12.10.16

i wasn't planning on getting a tattoo on our trip abroad this year; i'm running out of space for them, as i prefer to get them along my spine and i don't seem to be getting any taller, and berlin didn't feel exotic enough (ha). i then learned, via one of the david-bowie-in-berlin books i bought a month before we left, that bowie's old building in schöneberg (in which he lived from 1976-1978) boasts not one but two tattoo studios; well, hell. maybe it was time for a GIANT ARTY BARN OWL across the top of my back?
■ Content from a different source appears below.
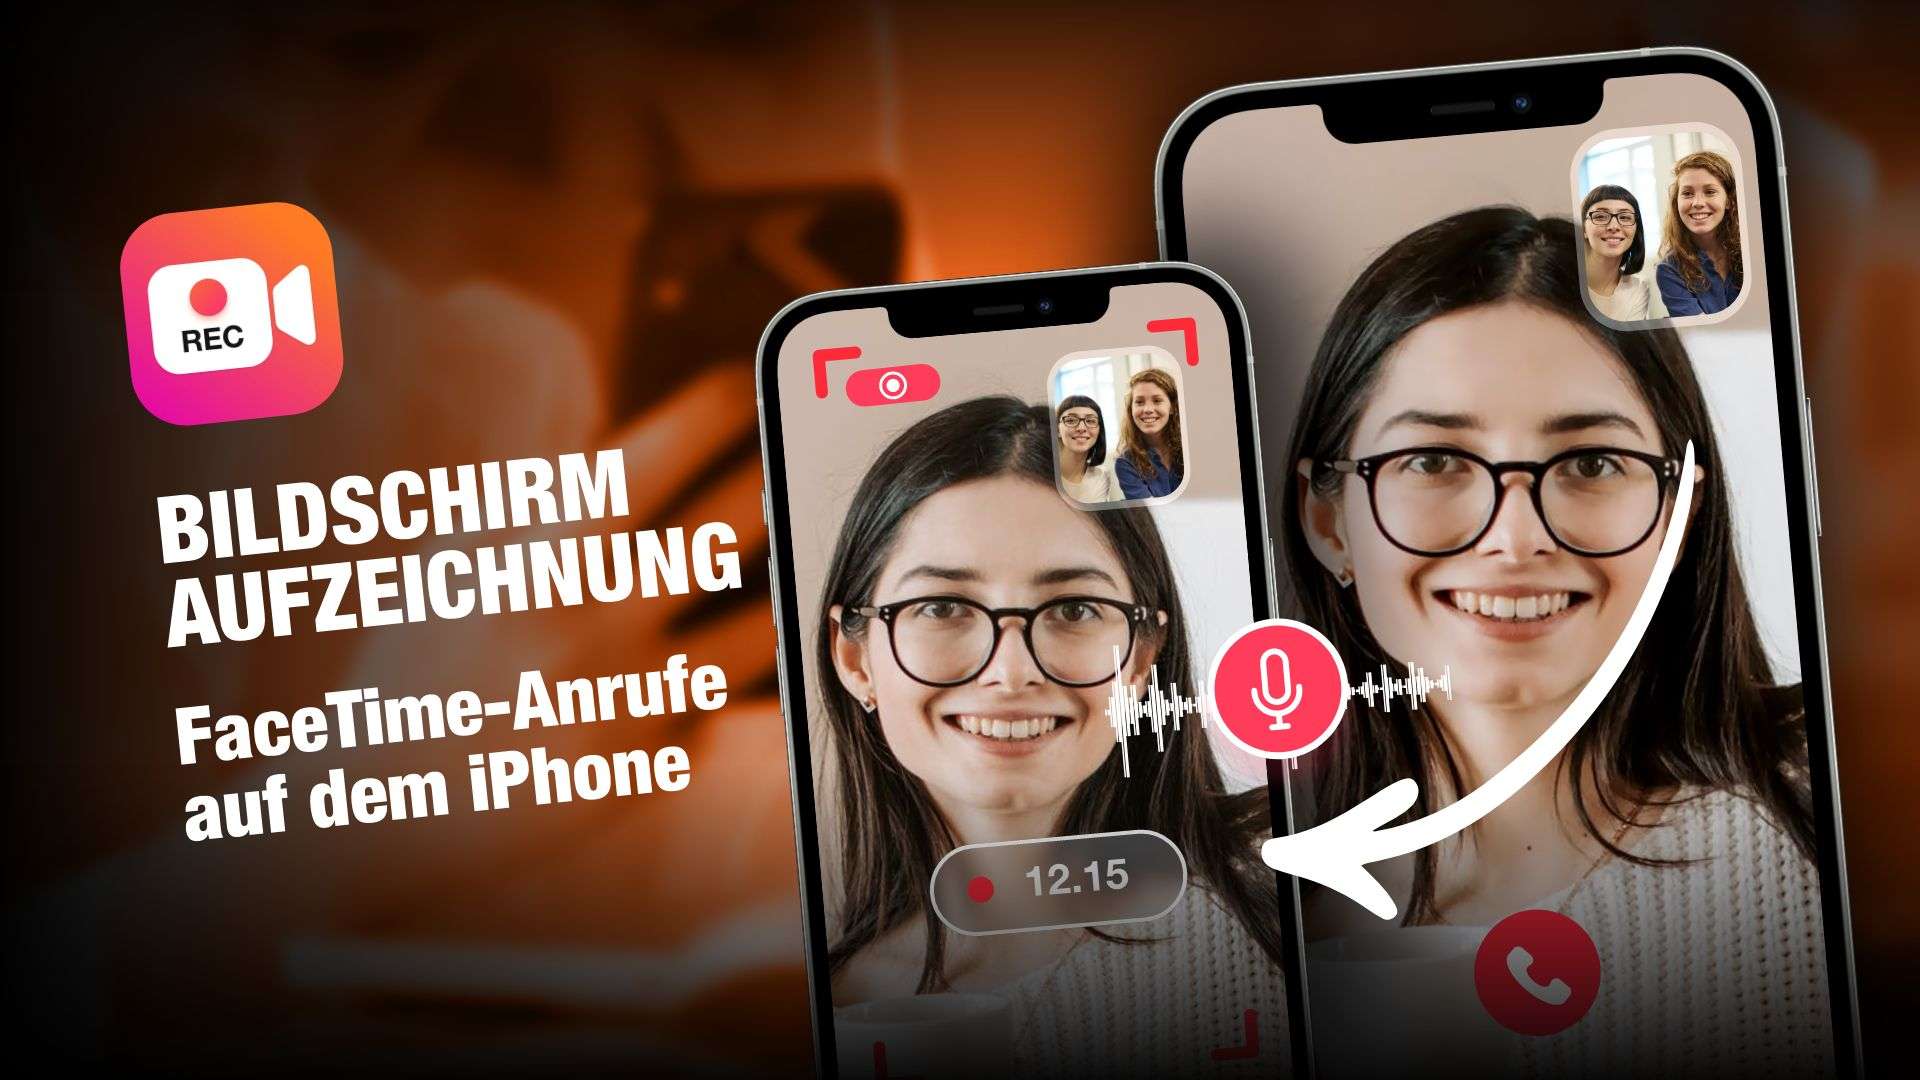 Bildschirm FaceTime-Anrufe mit Ton auf dem iPhone aufzeichnen

my foreign-tattoo m.o. is pretty complicated: i tend to reach out to the artist or studio i have in mind long before we leave new york, and we become penpals over the course of a few months. i drop by to say hello and chat when we first get into town, a few days before my appointment, and then get whatever lagoon-soaking or intense bathing i'd planned out of the way; then it's tattoo time. this was going to be different, as i hadn't yet settled on a specific design and we were about to leave; the black-metal guys at Studio 1 a) sounded like they weren't interested in any work but their own, which is completely understandable but probably wasn't going to work for me, given time constraints, b) were only in the building by appointment, c) had portfolios with a lot of burning nordic churches in them, which was more than a little intense, and d) seemed like they were into some less-than-egalitarian erotic art featuring ladies? one of Studio 1's artists was in new york the week before we went to berlin and i could have looked him up, but he didn't seem like the guy for me. i didn't even know Studio 2 existed, in turn, until i saw a line on Studio 1's webpage about how people should not go there. its website was pretty generic, but i've learned that plenty of lovely people have a hard time getting their digital shit together (cough). the more i read of bowie's adventures in berlin with iggy pop, brian eno, and tony visconti, the more convinced i became that i needed to embrace their spirit of collaboration and improvisation. some friends of mine got black star tattoos after bowie's death back in january, and the simplicity of that appealed to me. i could fit it below my lowest tattoo, the gothic cross i got in california right after turning 18; it was simple enough to hand over to a stranger on the spot. i decided that we'd stop in at Studio 2 after paying our respects at the apartment, and if i got a good feeling about it, well.

Studio 2 was easy to find, as it was 10 feet away from the candles and silk flowers at bowie's door. a genial french bulldog snarfled up to us, and his person apologized for him from down the hall. sprechen sie englisch? "a bit," he said, and i pulled the rumpled little image out from the bottom of my wallet.